**WHAT IS EXPECTED:**
Give back, exactly as written, the lines from the beginning of the listing through the one that contains "Office bars: novelty".

BEGIN

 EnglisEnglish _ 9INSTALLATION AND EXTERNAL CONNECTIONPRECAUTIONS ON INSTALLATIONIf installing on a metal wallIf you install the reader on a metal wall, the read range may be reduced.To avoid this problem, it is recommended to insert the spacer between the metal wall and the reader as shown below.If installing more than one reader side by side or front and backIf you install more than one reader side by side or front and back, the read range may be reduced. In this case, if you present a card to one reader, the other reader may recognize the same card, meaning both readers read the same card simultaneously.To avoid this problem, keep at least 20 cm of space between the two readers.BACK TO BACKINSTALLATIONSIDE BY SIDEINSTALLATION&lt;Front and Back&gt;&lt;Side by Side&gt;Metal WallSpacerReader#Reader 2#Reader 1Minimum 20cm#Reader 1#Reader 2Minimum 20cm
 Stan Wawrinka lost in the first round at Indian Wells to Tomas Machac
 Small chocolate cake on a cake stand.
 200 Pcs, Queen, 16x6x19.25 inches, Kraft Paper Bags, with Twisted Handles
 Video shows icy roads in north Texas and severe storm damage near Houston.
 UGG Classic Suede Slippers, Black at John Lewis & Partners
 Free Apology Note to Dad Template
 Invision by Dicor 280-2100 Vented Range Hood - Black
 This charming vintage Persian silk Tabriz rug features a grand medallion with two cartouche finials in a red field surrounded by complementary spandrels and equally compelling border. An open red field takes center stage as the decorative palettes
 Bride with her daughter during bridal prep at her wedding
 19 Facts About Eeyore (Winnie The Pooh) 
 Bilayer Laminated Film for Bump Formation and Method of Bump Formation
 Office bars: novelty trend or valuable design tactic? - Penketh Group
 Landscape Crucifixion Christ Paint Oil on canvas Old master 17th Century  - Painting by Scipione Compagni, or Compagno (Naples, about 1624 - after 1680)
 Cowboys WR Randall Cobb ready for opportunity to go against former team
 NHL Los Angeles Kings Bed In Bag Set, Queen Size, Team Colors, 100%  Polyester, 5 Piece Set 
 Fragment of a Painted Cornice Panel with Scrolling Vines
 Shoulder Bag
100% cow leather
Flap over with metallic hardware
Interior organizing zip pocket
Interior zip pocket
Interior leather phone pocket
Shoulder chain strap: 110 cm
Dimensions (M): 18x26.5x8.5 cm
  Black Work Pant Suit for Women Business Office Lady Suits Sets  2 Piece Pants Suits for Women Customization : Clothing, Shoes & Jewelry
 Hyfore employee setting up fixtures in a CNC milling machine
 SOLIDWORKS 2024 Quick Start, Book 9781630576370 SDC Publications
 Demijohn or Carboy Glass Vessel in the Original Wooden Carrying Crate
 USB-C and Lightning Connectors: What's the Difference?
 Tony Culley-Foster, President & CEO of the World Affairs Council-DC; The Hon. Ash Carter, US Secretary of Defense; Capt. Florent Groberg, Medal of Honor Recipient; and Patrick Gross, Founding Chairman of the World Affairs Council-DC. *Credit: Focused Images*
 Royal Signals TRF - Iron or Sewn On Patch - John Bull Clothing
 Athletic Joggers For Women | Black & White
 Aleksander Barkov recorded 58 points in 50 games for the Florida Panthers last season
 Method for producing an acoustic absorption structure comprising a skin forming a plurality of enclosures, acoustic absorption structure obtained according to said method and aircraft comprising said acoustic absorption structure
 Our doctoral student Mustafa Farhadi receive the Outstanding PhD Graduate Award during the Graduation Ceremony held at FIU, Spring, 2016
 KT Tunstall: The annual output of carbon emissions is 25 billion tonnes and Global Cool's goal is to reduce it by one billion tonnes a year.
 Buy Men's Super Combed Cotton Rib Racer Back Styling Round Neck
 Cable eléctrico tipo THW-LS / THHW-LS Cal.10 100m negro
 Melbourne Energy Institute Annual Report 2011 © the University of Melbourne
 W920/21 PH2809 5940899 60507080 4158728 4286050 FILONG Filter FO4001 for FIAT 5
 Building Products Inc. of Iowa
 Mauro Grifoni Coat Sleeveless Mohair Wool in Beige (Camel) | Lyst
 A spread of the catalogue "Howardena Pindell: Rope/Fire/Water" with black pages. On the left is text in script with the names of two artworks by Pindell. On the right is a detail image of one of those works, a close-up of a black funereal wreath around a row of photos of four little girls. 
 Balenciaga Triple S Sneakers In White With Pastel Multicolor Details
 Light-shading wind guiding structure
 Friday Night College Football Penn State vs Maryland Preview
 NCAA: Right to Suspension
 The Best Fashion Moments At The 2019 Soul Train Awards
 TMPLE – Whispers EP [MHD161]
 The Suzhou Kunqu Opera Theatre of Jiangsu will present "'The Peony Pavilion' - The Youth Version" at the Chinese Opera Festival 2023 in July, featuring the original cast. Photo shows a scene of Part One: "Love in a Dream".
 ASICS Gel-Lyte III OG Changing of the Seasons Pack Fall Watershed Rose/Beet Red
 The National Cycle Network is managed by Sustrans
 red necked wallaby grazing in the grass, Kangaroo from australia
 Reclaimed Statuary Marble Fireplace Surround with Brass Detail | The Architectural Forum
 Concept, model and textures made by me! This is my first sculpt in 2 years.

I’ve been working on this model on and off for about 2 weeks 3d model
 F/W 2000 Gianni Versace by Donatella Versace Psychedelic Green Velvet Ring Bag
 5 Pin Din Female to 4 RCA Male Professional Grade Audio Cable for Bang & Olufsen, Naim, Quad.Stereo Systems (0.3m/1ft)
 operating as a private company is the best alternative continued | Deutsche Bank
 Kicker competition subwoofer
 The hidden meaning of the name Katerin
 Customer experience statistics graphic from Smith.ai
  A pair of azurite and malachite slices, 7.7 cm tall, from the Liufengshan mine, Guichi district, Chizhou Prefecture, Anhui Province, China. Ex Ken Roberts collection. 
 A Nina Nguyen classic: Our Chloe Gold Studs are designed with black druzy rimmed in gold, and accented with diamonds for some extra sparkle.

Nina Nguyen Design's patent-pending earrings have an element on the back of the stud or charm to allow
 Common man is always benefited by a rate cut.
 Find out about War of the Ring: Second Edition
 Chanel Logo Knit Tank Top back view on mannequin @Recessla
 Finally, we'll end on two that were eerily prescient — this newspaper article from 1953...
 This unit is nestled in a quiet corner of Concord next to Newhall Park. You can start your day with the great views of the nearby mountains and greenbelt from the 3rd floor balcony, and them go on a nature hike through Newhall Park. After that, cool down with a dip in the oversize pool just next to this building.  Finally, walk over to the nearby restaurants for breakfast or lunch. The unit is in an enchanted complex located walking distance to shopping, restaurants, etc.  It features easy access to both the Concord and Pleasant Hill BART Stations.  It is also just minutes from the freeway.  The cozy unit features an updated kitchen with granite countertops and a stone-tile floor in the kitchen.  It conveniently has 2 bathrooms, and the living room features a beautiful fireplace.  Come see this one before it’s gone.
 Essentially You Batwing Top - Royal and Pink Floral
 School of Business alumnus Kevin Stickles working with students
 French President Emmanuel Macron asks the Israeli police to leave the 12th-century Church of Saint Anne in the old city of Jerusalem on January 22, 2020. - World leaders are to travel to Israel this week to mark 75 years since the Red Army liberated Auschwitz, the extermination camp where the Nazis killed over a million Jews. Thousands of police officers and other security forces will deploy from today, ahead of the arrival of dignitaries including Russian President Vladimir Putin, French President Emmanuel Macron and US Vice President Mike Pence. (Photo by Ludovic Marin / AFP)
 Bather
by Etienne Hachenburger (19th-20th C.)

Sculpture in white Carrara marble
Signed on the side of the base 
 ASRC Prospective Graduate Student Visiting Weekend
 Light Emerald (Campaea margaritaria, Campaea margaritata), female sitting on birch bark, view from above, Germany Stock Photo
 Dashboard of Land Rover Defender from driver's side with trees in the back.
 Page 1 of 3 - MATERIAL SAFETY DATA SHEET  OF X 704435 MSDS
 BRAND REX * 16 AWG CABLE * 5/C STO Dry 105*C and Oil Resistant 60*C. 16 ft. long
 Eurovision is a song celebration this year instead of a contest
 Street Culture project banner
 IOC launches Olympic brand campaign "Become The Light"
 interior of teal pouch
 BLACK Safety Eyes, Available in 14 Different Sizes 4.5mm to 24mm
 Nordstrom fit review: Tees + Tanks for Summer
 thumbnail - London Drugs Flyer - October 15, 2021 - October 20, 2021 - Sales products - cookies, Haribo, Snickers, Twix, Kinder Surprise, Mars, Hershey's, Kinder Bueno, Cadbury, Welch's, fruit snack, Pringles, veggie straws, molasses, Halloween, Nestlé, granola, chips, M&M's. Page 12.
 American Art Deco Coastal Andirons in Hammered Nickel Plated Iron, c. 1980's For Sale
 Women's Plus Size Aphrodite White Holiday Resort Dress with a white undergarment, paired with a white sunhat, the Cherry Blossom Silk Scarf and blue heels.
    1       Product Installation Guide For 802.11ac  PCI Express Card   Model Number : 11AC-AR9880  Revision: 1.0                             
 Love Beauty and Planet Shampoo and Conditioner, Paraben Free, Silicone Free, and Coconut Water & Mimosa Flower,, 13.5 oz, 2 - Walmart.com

END

**ANSWER:**
 EnglisEnglish _ 9INSTALLATION AND EXTERNAL CONNECTIONPRECAUTIONS ON INSTALLATIONIf installing on a metal wallIf you install the reader on a metal wall, the read range may be reduced.To avoid this problem, it is recommended to insert the spacer between the metal wall and the reader as shown below.If installing more than one reader side by side or front and backIf you install more than one reader side by side or front and back, the read range may be reduced. In this case, if you present a card to one reader, the other reader may recognize the same card, meaning both readers read the same card simultaneously.To avoid this problem, keep at least 20 cm of space between the two readers.BACK TO BACKINSTALLATIONSIDE BY SIDEINSTALLATION&lt;Front and Back&gt;&lt;Side by Side&gt;Metal WallSpacerReader#Reader 2#Reader 1Minimum 20cm#Reader 1#Reader 2Minimum 20cm
 Stan Wawrinka lost in the first round at Indian Wells to Tomas Machac
 Small chocolate cake on a cake stand.
 200 Pcs, Queen, 16x6x19.25 inches, Kraft Paper Bags, with Twisted Handles
 Video shows icy roads in north Texas and severe storm damage near Houston.
 UGG Classic Suede Slippers, Black at John Lewis & Partners
 Free Apology Note to Dad Template
 Invision by Dicor 280-2100 Vented Range Hood - Black
 This charming vintage Persian silk Tabriz rug features a grand medallion with two cartouche finials in a red field surrounded by complementary spandrels and equally compelling border. An open red field takes center stage as the decorative palettes
 Bride with her daughter during bridal prep at her wedding
 19 Facts About Eeyore (Winnie The Pooh) 
 Bilayer Laminated Film for Bump Formation and Method of Bump Formation
 Office bars: novelty trend or valuable design tactic? - Penketh Group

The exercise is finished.